Create the crawlers:

We need to create and run the Crawlers to identify the schema of the CSV files.

  • Go to AWS Glue home page.
  • From the Crawlers → add crawler.
  • Give a name for you crawler.
  • Data source S3 and the Include path should be you CSV files folder.
  • The next step will ask to add more data source, Just click NO.
  • Next one for selecting the IAM role. The crawlers needs read access of the S3, but save the Parquet files, it needs the Write access too. So create a role along with the following policies.
AWSGlueServiceRole
S3 Read/Write access for your bucket.
  • In the next step just let the crawler as Run as On Demand.
  • Then it’ll ask a database name to create a table schema for the CSV file.
  • Give the path name as: s3://searce-bigdata/etl-job/csv_files

Run the Crawler

Once its created, it’ll ask to run.
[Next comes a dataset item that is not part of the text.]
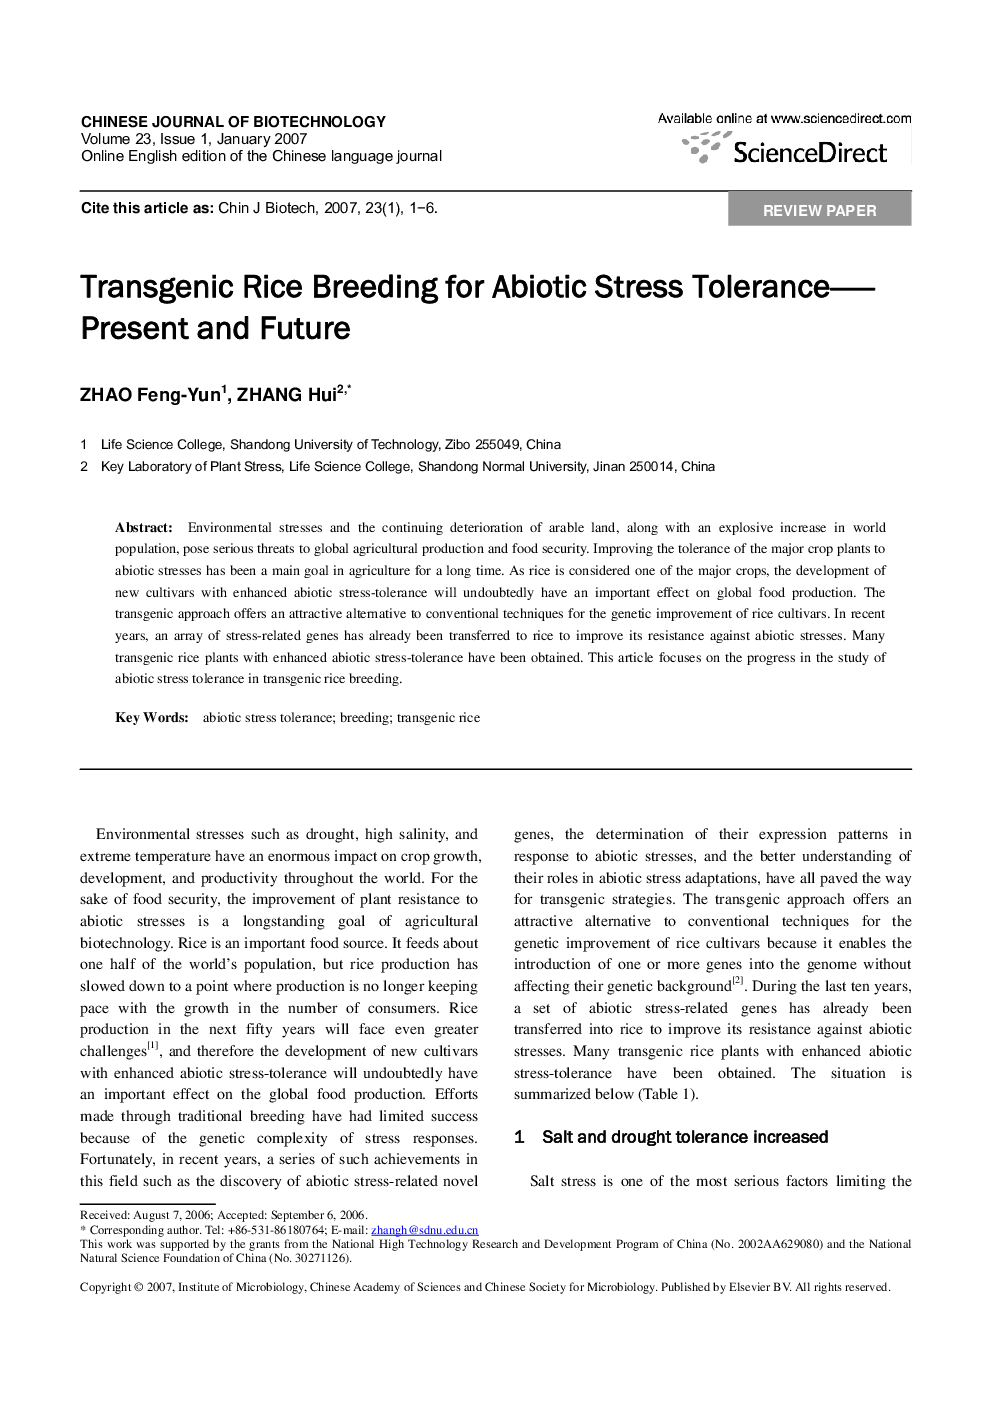 Transgenic Rice Breeding for Abiotic Stress Tolerance-Present and Future

Click run and wait for few mins, then you can see that it’s created a new table with the same schema of your CSV files in the Data catalogue.
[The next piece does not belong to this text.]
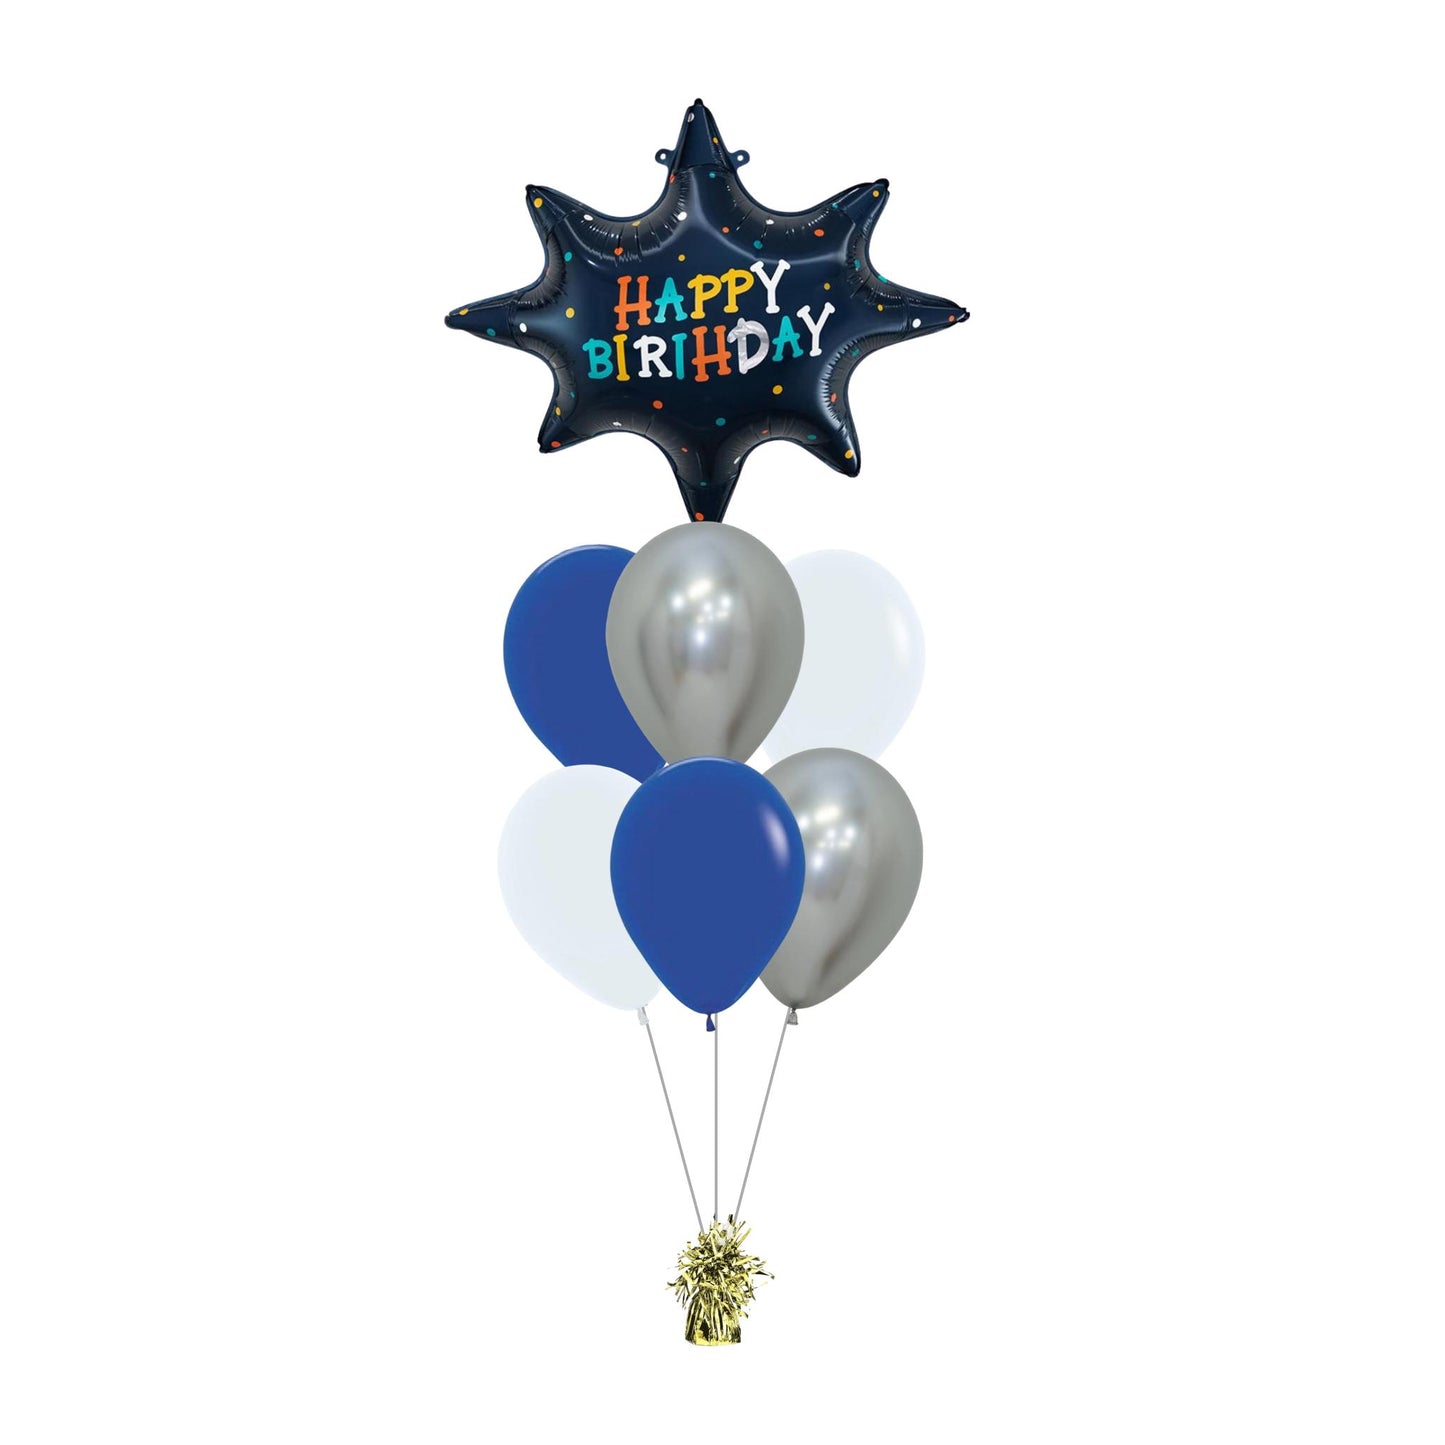 27 inch helium filled happy birthday foil balloon

Tabled added to the data cataloge

Then it’ll create the table name as the CSV file location. [csv_file]

csv_files table created in the database(CSV files and table schema is same)

Create Parquet conversion Job:

  • In the ETL Section, go to Jobs → add Job.
  • Give a name for your job and select the IAM role(select the one which we have created in the previous step).
  • Choose Data Source: Select the datasource which is created by the crawler.
  • In Choose your data target,
DataStore: S3
Format: Parquet
TargetPath: s3://searce-bigdata/etl-job/parquet_files
  • The next windows is for column mapping. If you need to remap any column or remove any columns from CSV, you can achieve it from here.
  • Now the next one will show you the Diagram and source code for the job. Just click the run job button.
  • Wait for few mins(its based on your total amount of data) to complete the job. You can see the logs from the bottom.

Lets check the files in S3.

Go to s3://searce-bigdata/etl-job/parquet_files and see the converted files and their size.

Lets kick start your ETL skills with Glue by now. Try it and use Athena then see the amount of data that it scanned from CSV and compare with Parquet.

Happy ETL :)